The unique beauty of Spurn Point, Boxing Day 2013 ...

There is a sense of eerie foreboding about the place - hard to identify because the sky is clear and the sea bright beneath it, the quick sand banks of the River Humber shining like a mirror. But where a large sand dune should have prevented a view from one to the other now stands emptiness. A tractor-ploughed track demarcates the road - whose concrete slabs have been carried over onto the beach.

During the storm that created the destruction at Spurn Point, a narrow spit of sand on the East Yorkshire coast, the sea and river would have met above where we are standing. There would have been no long, spidery shadows across the beach as there are today, artwork on the sand. There are human shapes projected against the fiery skyline: signs of life in a landscape changed but not destroyed.

A seal pokes its head above the surf, its round eyes surveying the beach before it glides playfully into the wave and slithers towards us. It grapples its way onto the shiny sand, a cumbersome and ungainly shape looking for some rest beneath the sun. It curves its body this way and that, searching for the best angle, growling when a passer-by gets too close but quickly looking content again.
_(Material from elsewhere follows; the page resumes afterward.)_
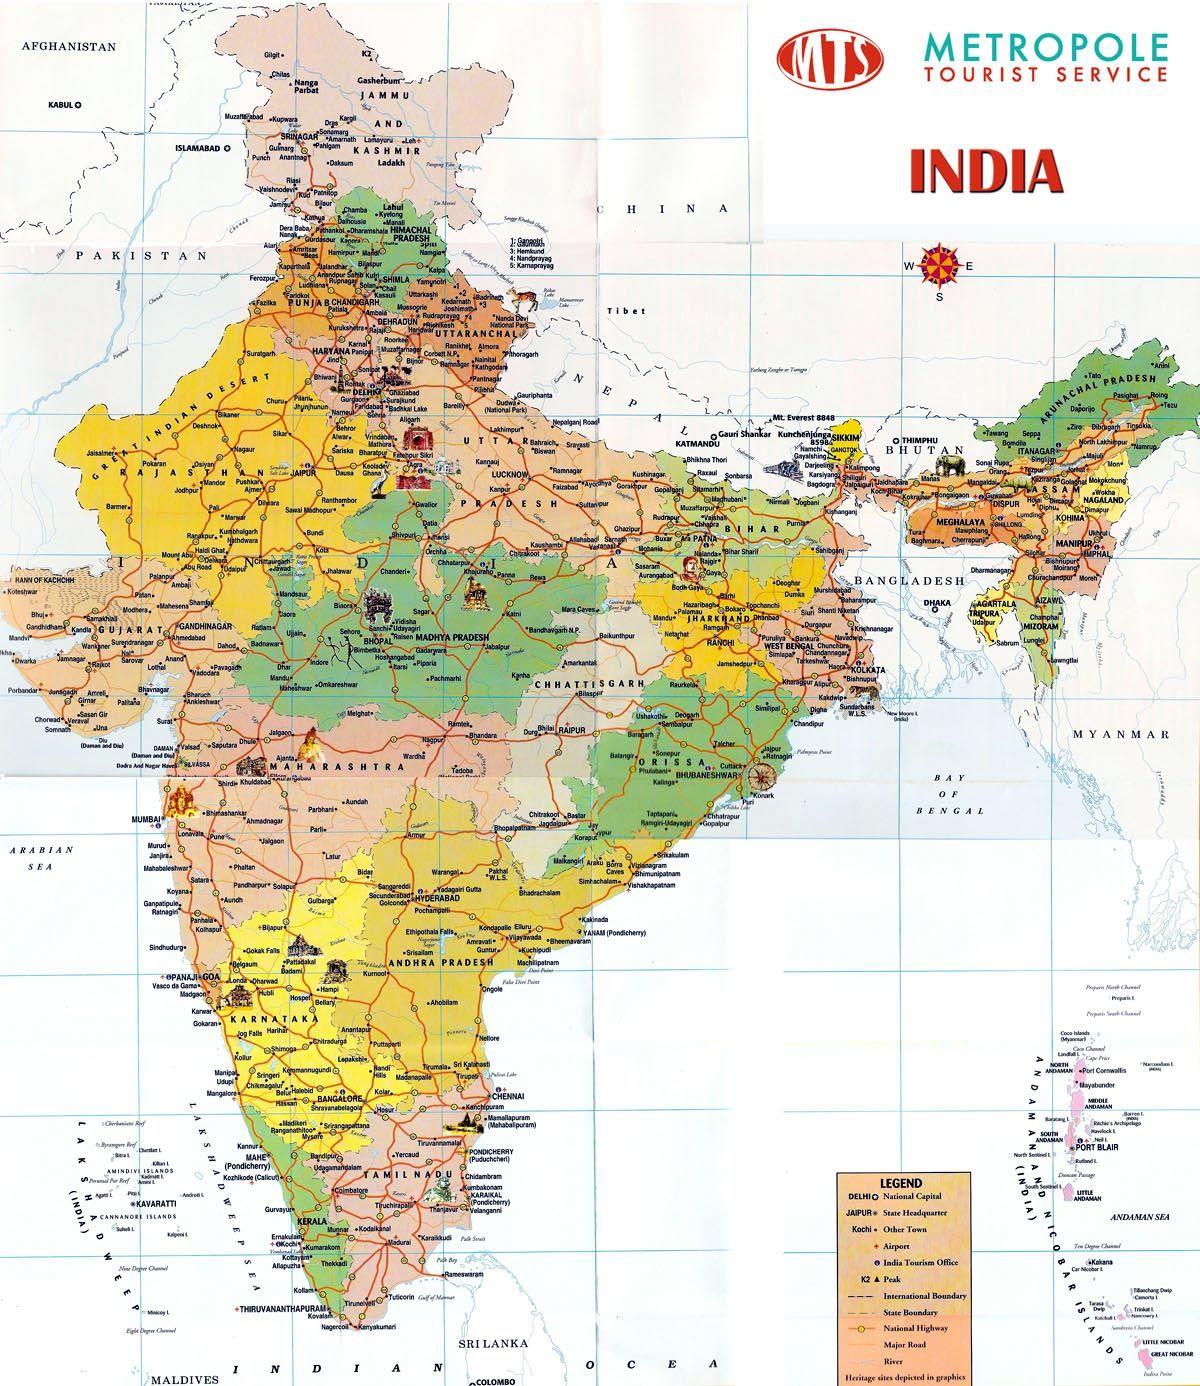 Map India India tourist, Tourist map, India map

A 'High Tide' warning sign urges us back to the car park and we abandon our walk to the lighthouse, coldly distant and far away in the haze. The car park is covered in silt; the caravans in the holiday park strewn like unwanted toys. But this spit of land, where a golden wasteland meets with a big blue sky - a horizon punctuated only by the truncated prongs of a former jetty - has never looked more beautiful than on this glorious Boxing Day.